■ **HOW TO COMPLETE THIS TASK**
Give again, word for word, the lines below that run from the line with "Trailblazing Trinket - Copper" through the line with "Shhhhh, No One Cares, Triblend T-shirt". Drop the pictures.

■ **RECORDS SHOWN**
________________________

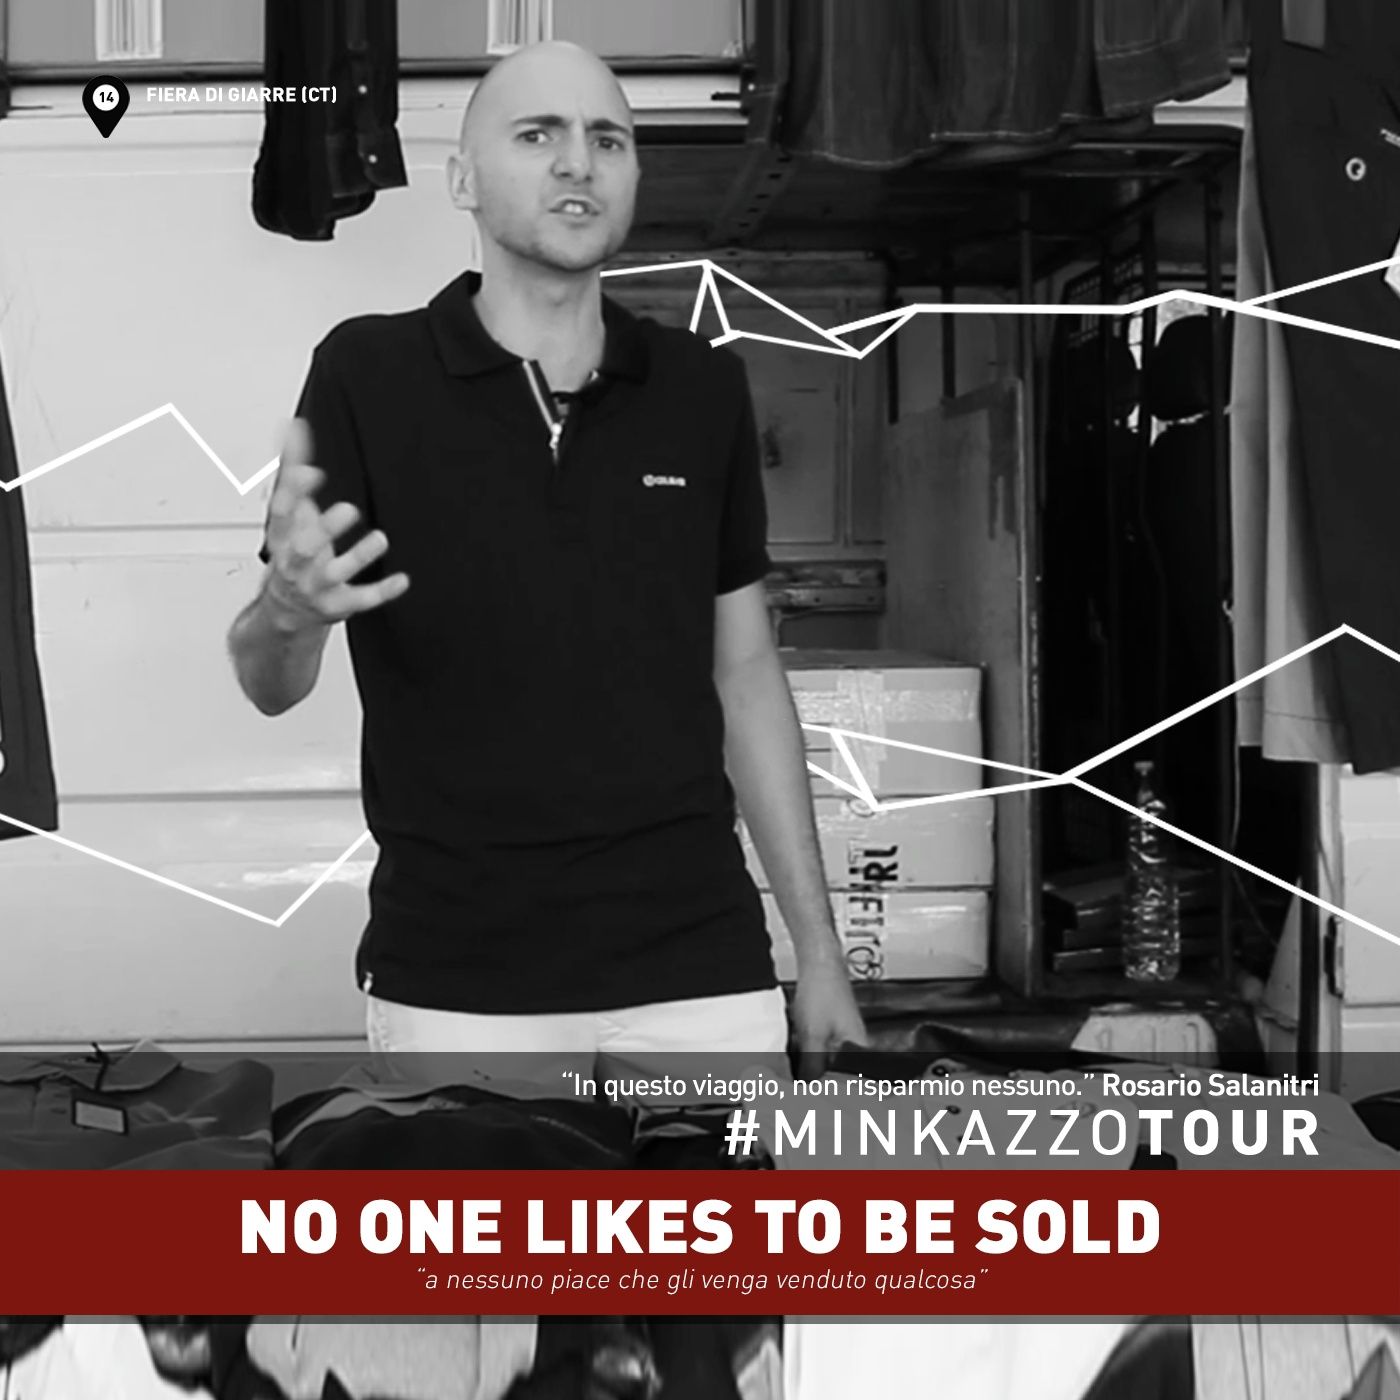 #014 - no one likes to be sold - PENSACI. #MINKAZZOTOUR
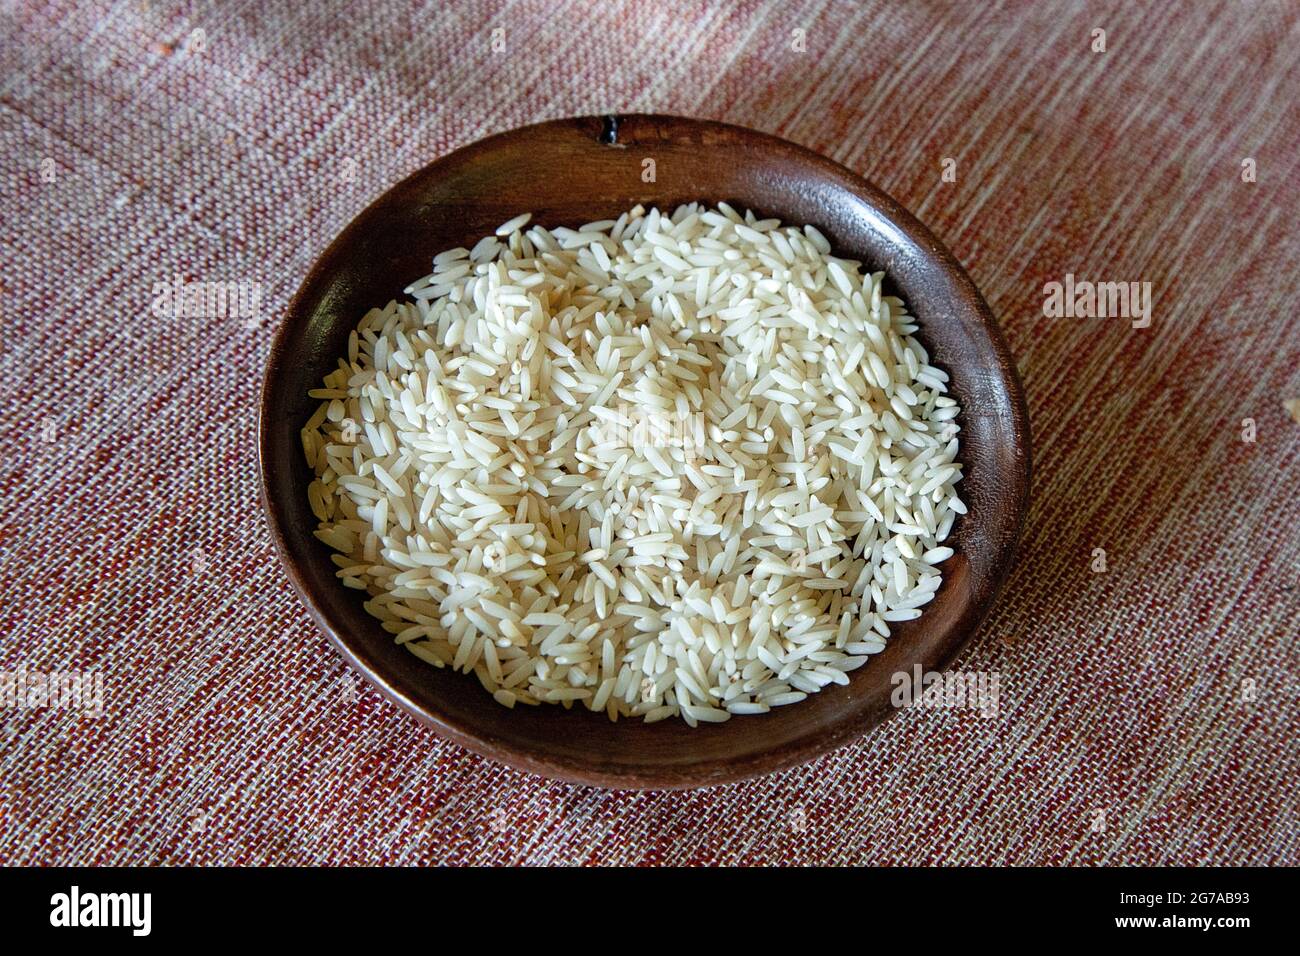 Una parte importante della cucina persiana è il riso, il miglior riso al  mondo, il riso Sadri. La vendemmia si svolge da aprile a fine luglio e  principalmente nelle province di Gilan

________________________

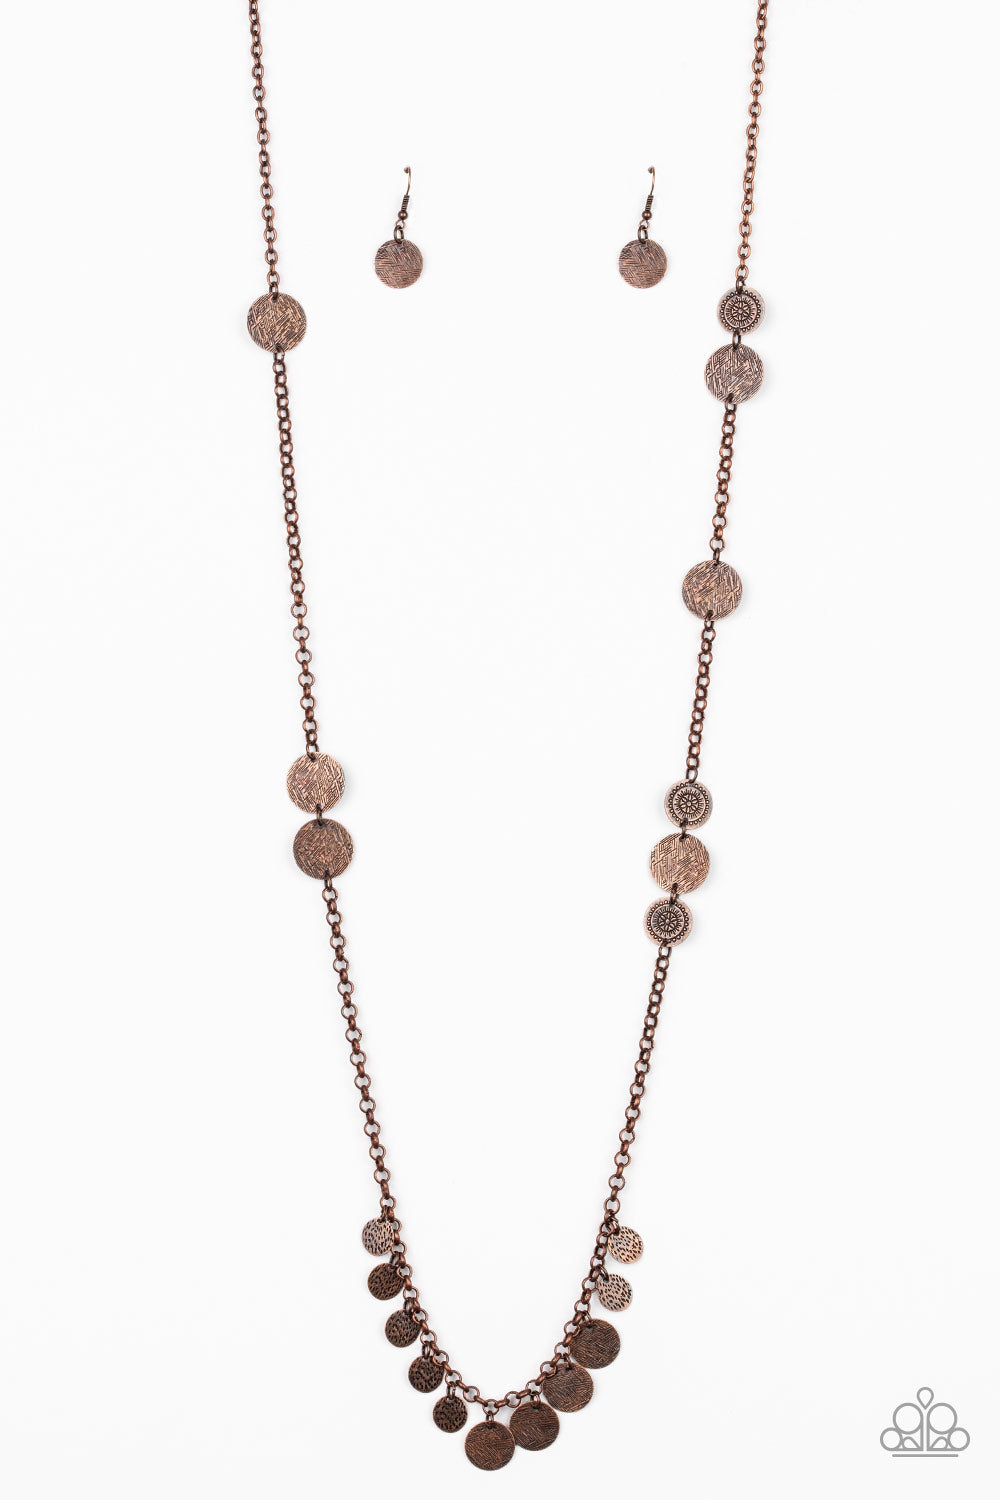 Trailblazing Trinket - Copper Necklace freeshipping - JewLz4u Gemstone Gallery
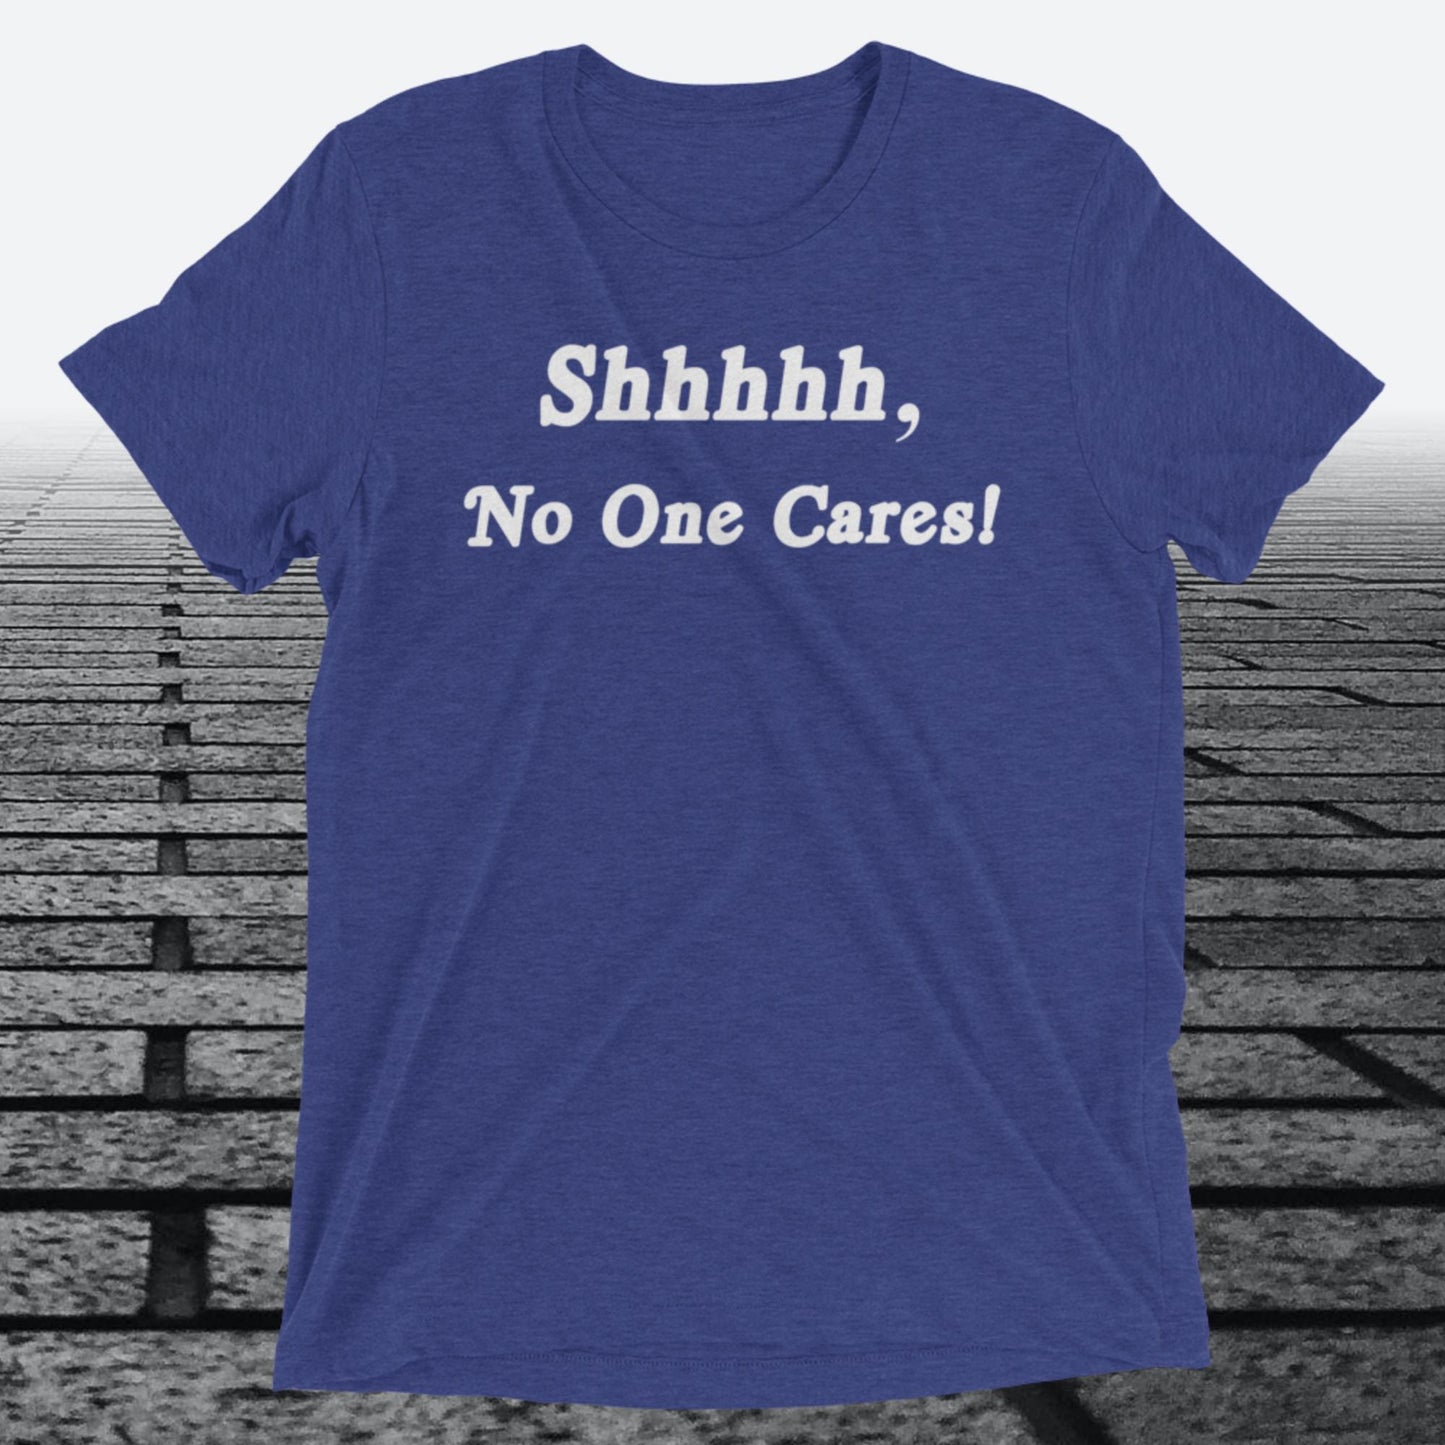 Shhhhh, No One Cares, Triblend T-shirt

________________________

■ **OUTPUT OF THE TASK**
 Trailblazing Trinket - Copper Necklace freeshipping - JewLz4u Gemstone Gallery
 Shhhhh, No One Cares, Triblend T-shirt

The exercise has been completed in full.